Today marks the 116th anniversary of the day two brothers from Ohio, Orville and Wilbur Wright, achieved the first powered flight. It lasted just 12 seconds, but spawned a technological revolution that would change the world. They deserve their prominent position in the history of human ingenuity. And yet, from a business perspective, the Wright brothers were miserable failures.
In theory, they should have had it made. They had the competitive advantage of being the first and only people in the world with a working aircraft, and they were the only ones who knew how to fly it. They had all the technology patents they needed. And, once the world realized what they had achieved, they had businessmen, governments and the military almost literally throwing money at them. And yet their business failed. Spectacularly. So, what happened?
In short, they played not to lose, rather than to win.

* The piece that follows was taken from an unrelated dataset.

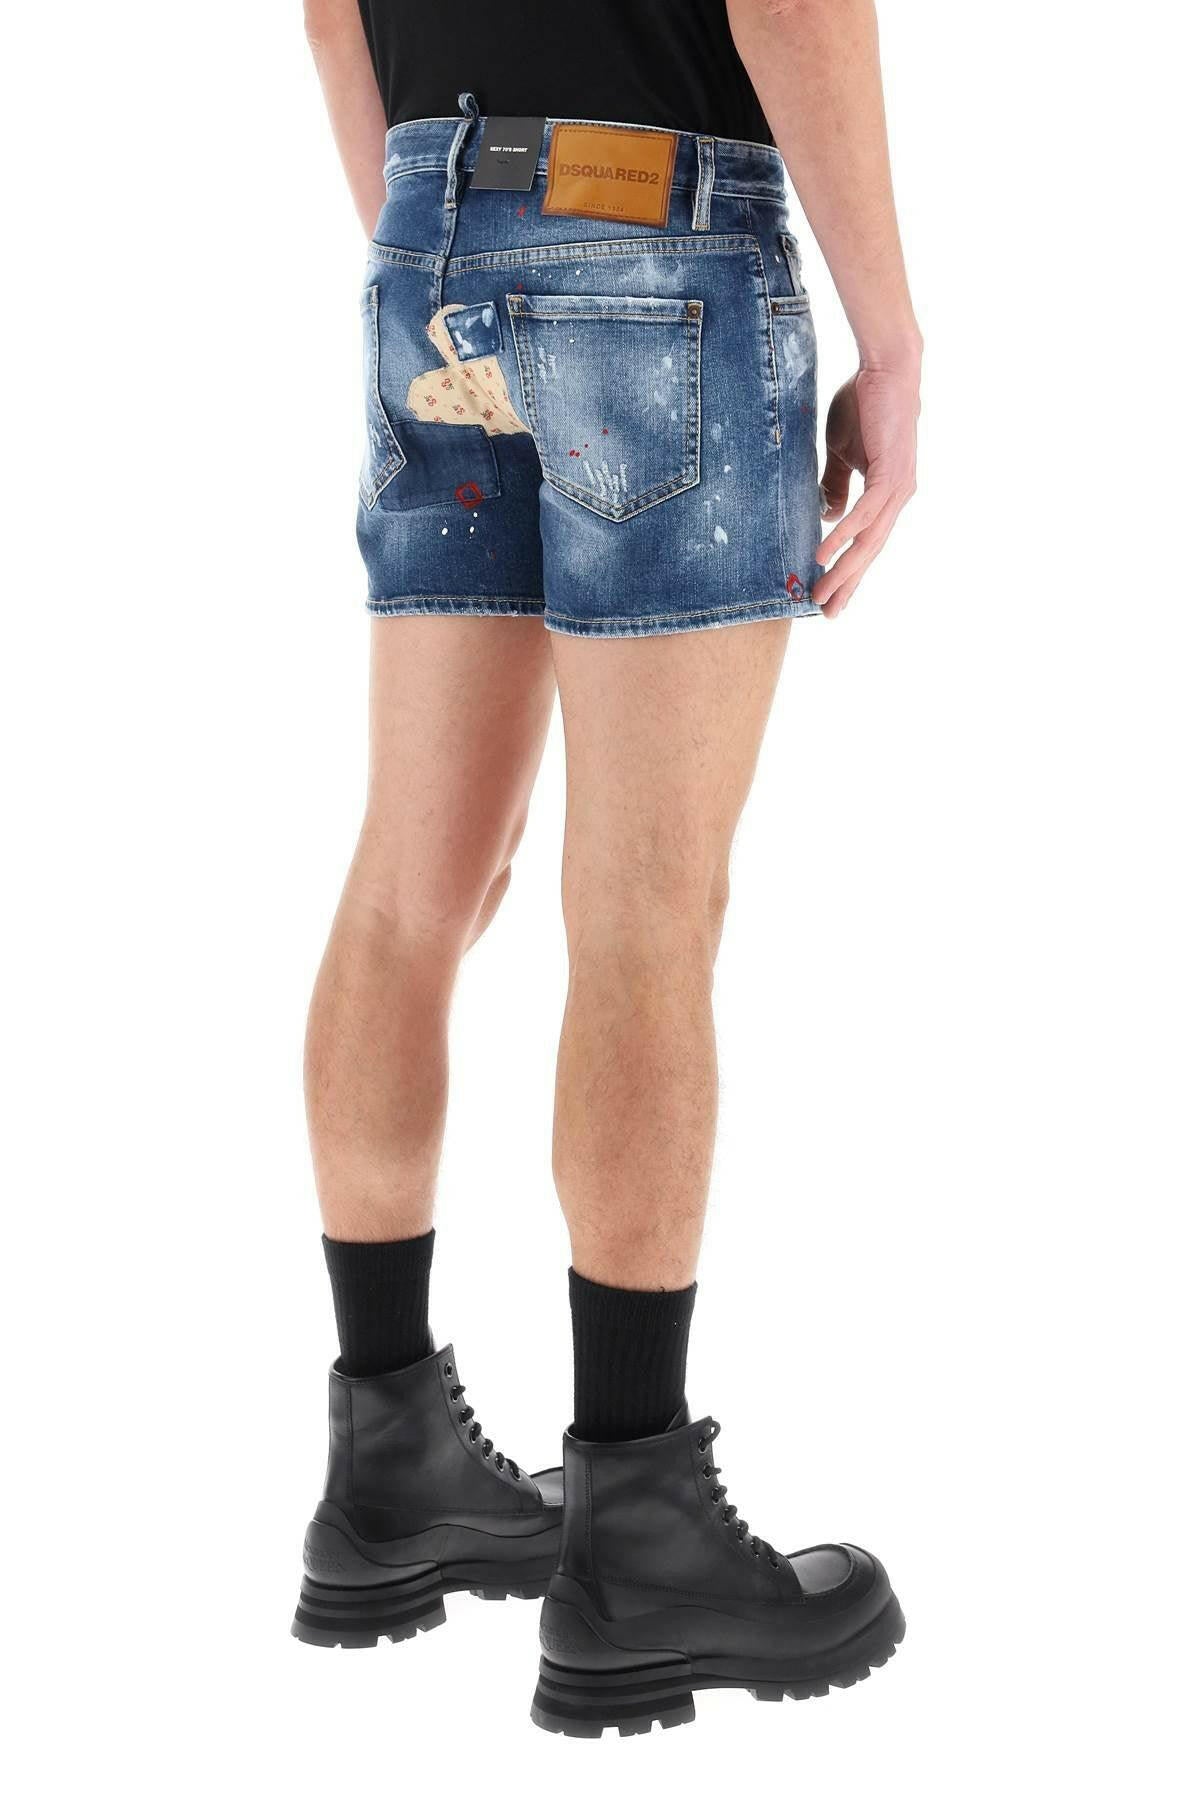 Dsquared2 Sexy 70's Shorts In Worn Out Booty Denim - JOHN JULIA

So paranoid were they about people stealing their ideas, despite owning the patents, they shied away from media coverage and didn’t fly their invention for three years in case someone watching worked out how to copy their technology. Requests for demonstrations from potential buyers were refused. They declined to take part in the aviation competitions that began springing up all around the world. They believed that as long as they protected their secrets, their advantage was safe.
Unfortunately for them, aviation pioneers all over the world were already building their own aircraft and improving them all the time. And one succeeded above all the others – Glenn Curtiss. On July 4th 1908, he piloted his aircraft, named the June Bug, over 1km and won the Scientific American Trophy and becoming famous overnight. Soon, he was building planes that were far superior to anything the Wrights had developed.
How did the Wright brothers react? Law suits. Lots of them.
Instead of spending their time innovating to build on their leadership position, or even just perfecting their existing technology to make it more commercially attractive, they tried to sue their competitors into submission. Their few commercial successes were soon buried under the weight of legal process and high profile fatal accidents involving their second and third generation planes. They never regained their momentum. Eventually, after Wilbur had died from Typhoid, Orville sold what was left of the business and in time it became part of the one created by Curtiss, who had continued to innovate and improve his aircraft while the Wrights argued about patents in court. This is why from a commercial perspective, the Wright name is a footnote in the history of aviation, rather than the leviathon it could easily have become.
The moral of the story?
The mythical advantage of being first to market, brilliant, unique and patented intellectual property, and an avalanche of demand – all of them can be completely undermined if they are not leveraged for long-term commercial success with constant improvement, an agile business strategy and a positive, open approach to the market.
Ideas are not the lifeblood of successful innovation. Execution is.